Мы не знаем, был ли у героя «Лихорадки» прототип и кто это мог быть. Как бы то ни было, толстовский незадачливый герой влюблен в эмигрантскую же красавицу сомнительной нравственности. Это женщина с немецкой фамилией Гунтер и русским именем. (Или русско-еврейским? По комментариям Крестинского к Полному собранию сочинений, учитывающим ранние версии, ее зовут Марья Семеновна, а в тексте Полного собрания сочинений она уже Марья Степановна.) Героиня принадлежит двум мирам и вообще двойственна: прекрасна, но лишена стыда, слаба и опасна, манит и отталкивает и в конце концов губит – по обычному беллетристическому рецепту. В «Лихорадке» противопоставлены мечтательная любовь и парижская тема обнаженного тела: сюжет строится вокруг навязанного «зажатому» герою участия в студенческом карнавале, демонстрации раскрепощенных нравов. Карнавал, описанный Толстым, напоминает зимний, Mi-carême, а не весенний. Что понятно: в 1908 году он-то, по всей вероятности, видел зимний, а на весеннем не присутствовал, потому что именно тогда уезжал на короткое время в Россию.

Герою «Лихорадки» праздник этот кажется страшной языческой оргией, пробуждающей в человеке все низменное. Он потрясен и сбит с толку обилием обнаженного тела; в отличие от него героиня в стихии наготы чувствует себя естественно. Герой играет роль неуклюжего и простоватого Пьеро, «русская» его телесность, рыхлая и некрасивая (как у князя Назарова из «Мести»), отягощена стыдом и «подпольной» психологией; ей противопоставлена победительная телесность соперника – это француз, борец и бандит (типаж, возможно отразивший нашумевший эпизод с Иваном Поддубным, французский противник которого однажды оказался не только борцом, но и преступником). Он представляет собой нагромождение мышц и воплощает торжествующую мужественность. Личное, слишком личное в рассказе – ощущение мужской ущемленности и жалость к себе, гомерическая, если жалость может быть гомерической.

Из толстовских записей и стихотворений первого парижского сезона выясняется, что обнаженное тело пугало русского новичка и на музейных картинах: «Мне шепчут картины: о смертный, гляди / Найди красоту совершеннее тела / <…> Картины, картины, мой рай и мой ад» (Толстой 1907–1908а: 53–54).
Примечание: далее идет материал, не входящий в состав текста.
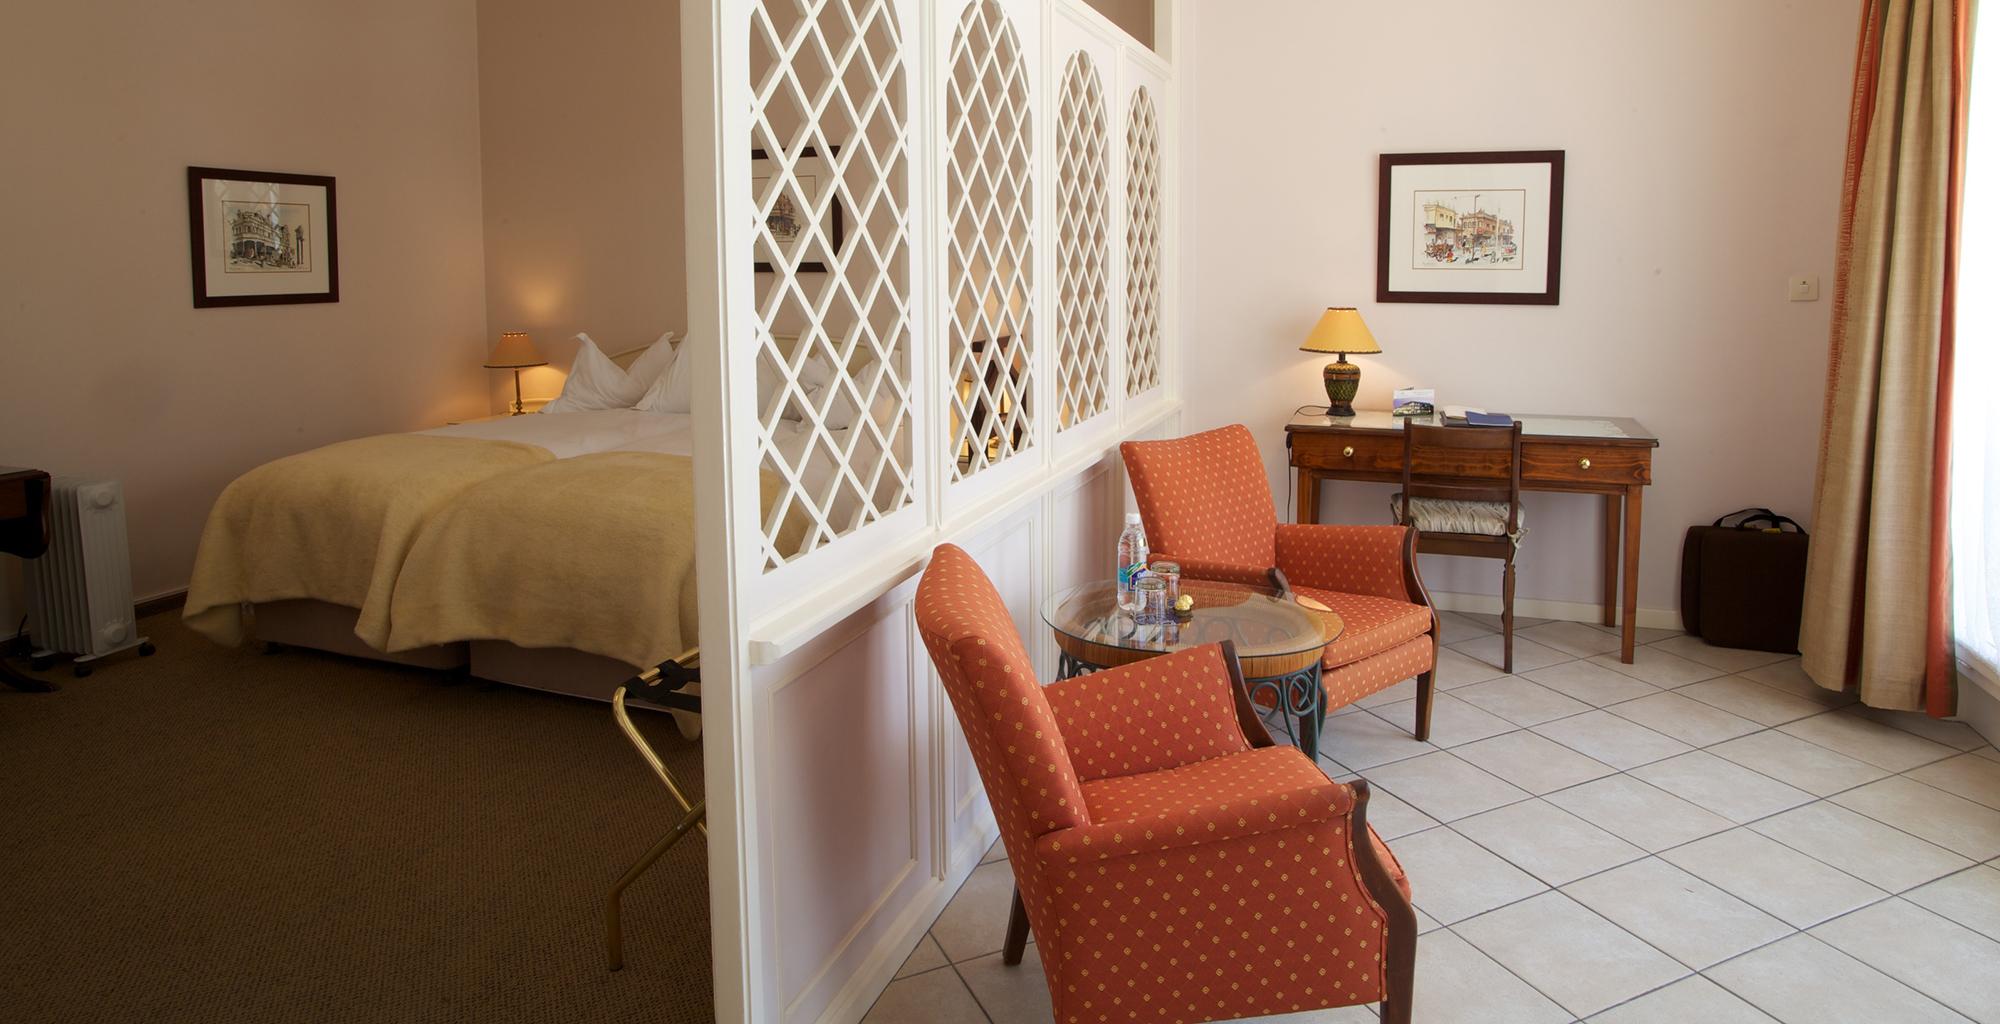 Namibia-Hansa-Hotel-Bedroom-Seats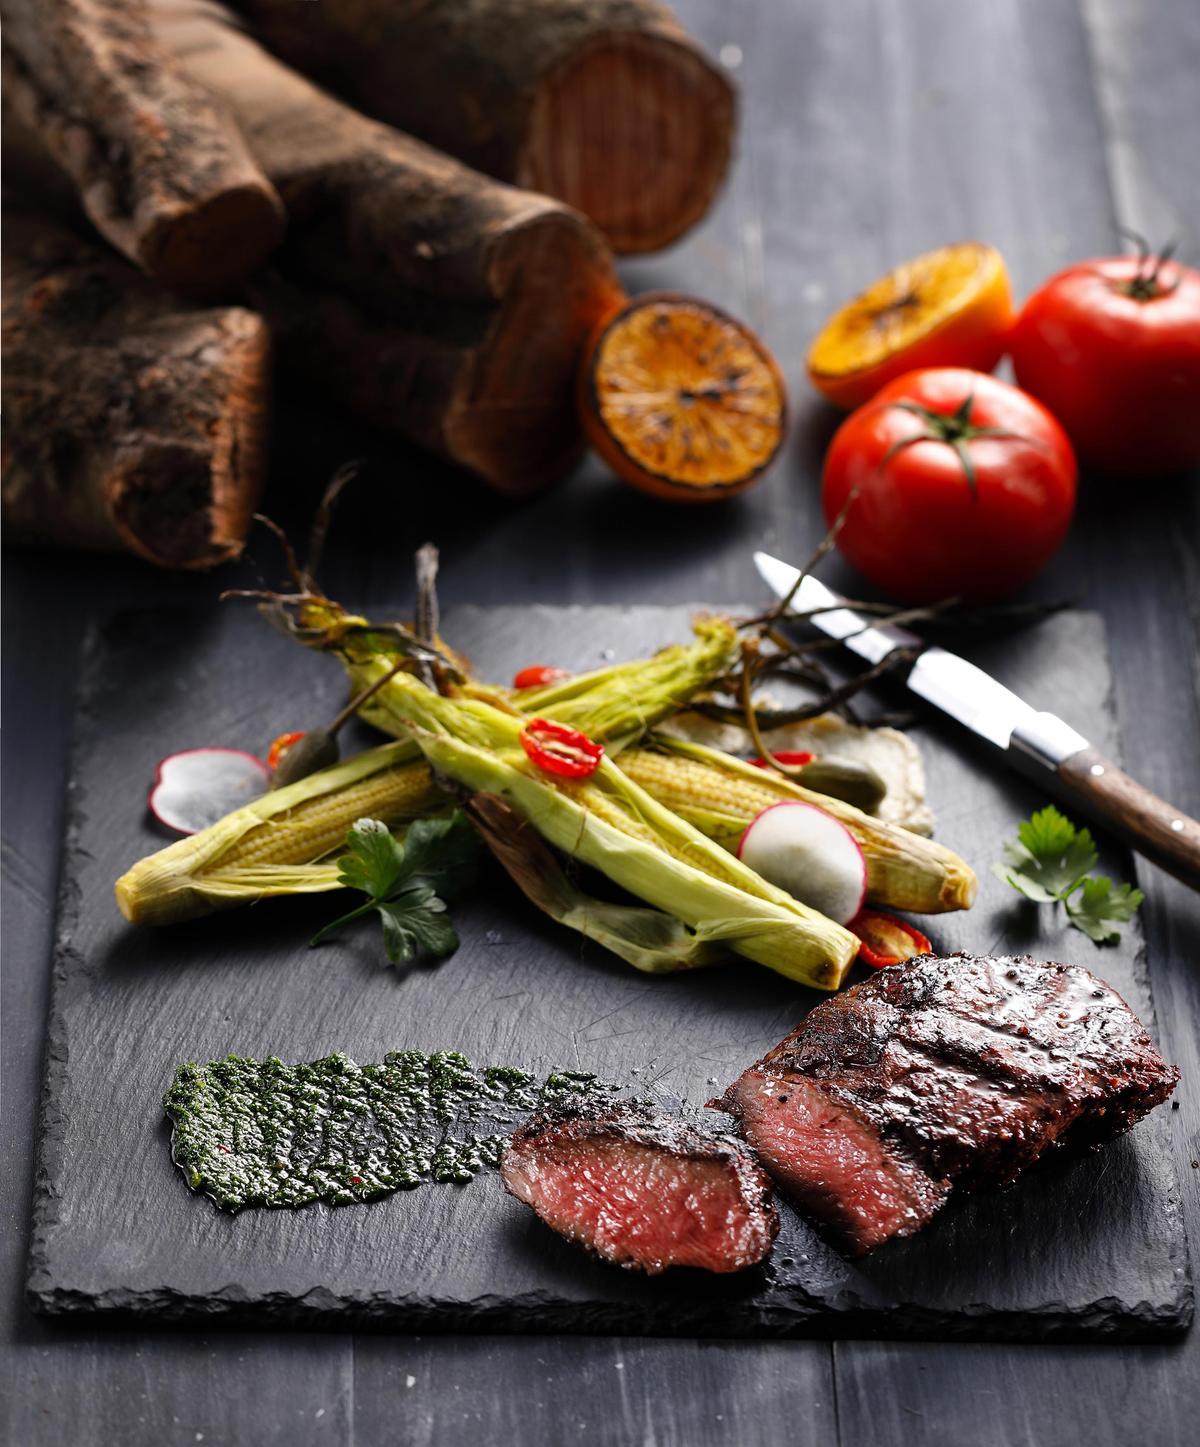 「美國Choice丹佛牛排」取牛肩胛部位製作,嚼感十足,炭香味濃,沾點用芝麻葉、巴西里與油醋調成的阿根廷醬,會多一股葉草香。(800元/份)

По нашему впечатлению, гипотетический парижский конфликт мог быть связан с тем, что Софья восприняла парижскую раскованность с излишним, как могло показаться, энтузиазмом. Мы помним, что парижские карнавалы (первый, Mi-carême, празднуемый в разгар Великого поста и соответствующий Масленице, и второй, бал художников «Четыре искусства» (Quatres arts), или «Катзар», выпадающий на конец апреля – начало мая) произвели на нее неизгладимое впечатление; в особенности поразило обилие обнаженного тела и при этом здоровое и радостное к нему отношение. В своих мемуарах она специально подчеркивала невинность рискованных парижских забав [62]62
  Г. Чулков писал в очерке «Катзар»: «На этом балу, в этом апофеозе нагот, было всеи в сущности ничегоне было. Бесстыдство было доведено до предела, но оно не волновало толпы, не возбуждало ее и никуда не влекло. Маскарад остался маскарадом и не стал оргией. Вероятно, парижанам и не нужна оргия. Оргия – это слишком трудно, непрактично, опасно и главное, ответственно. <…> Как в сущности приличен был этот неприличный бал. Что же это? Культура? Моральная дисциплина? Или, быть может, это утомленная плоть поет последнюю песню?» (Чулков 1909: 253–254).


[Закрыть]
. Как явствует из других свидетельств, аттракционы, о которых идет у нее речь, сопровождались раздеванием донага.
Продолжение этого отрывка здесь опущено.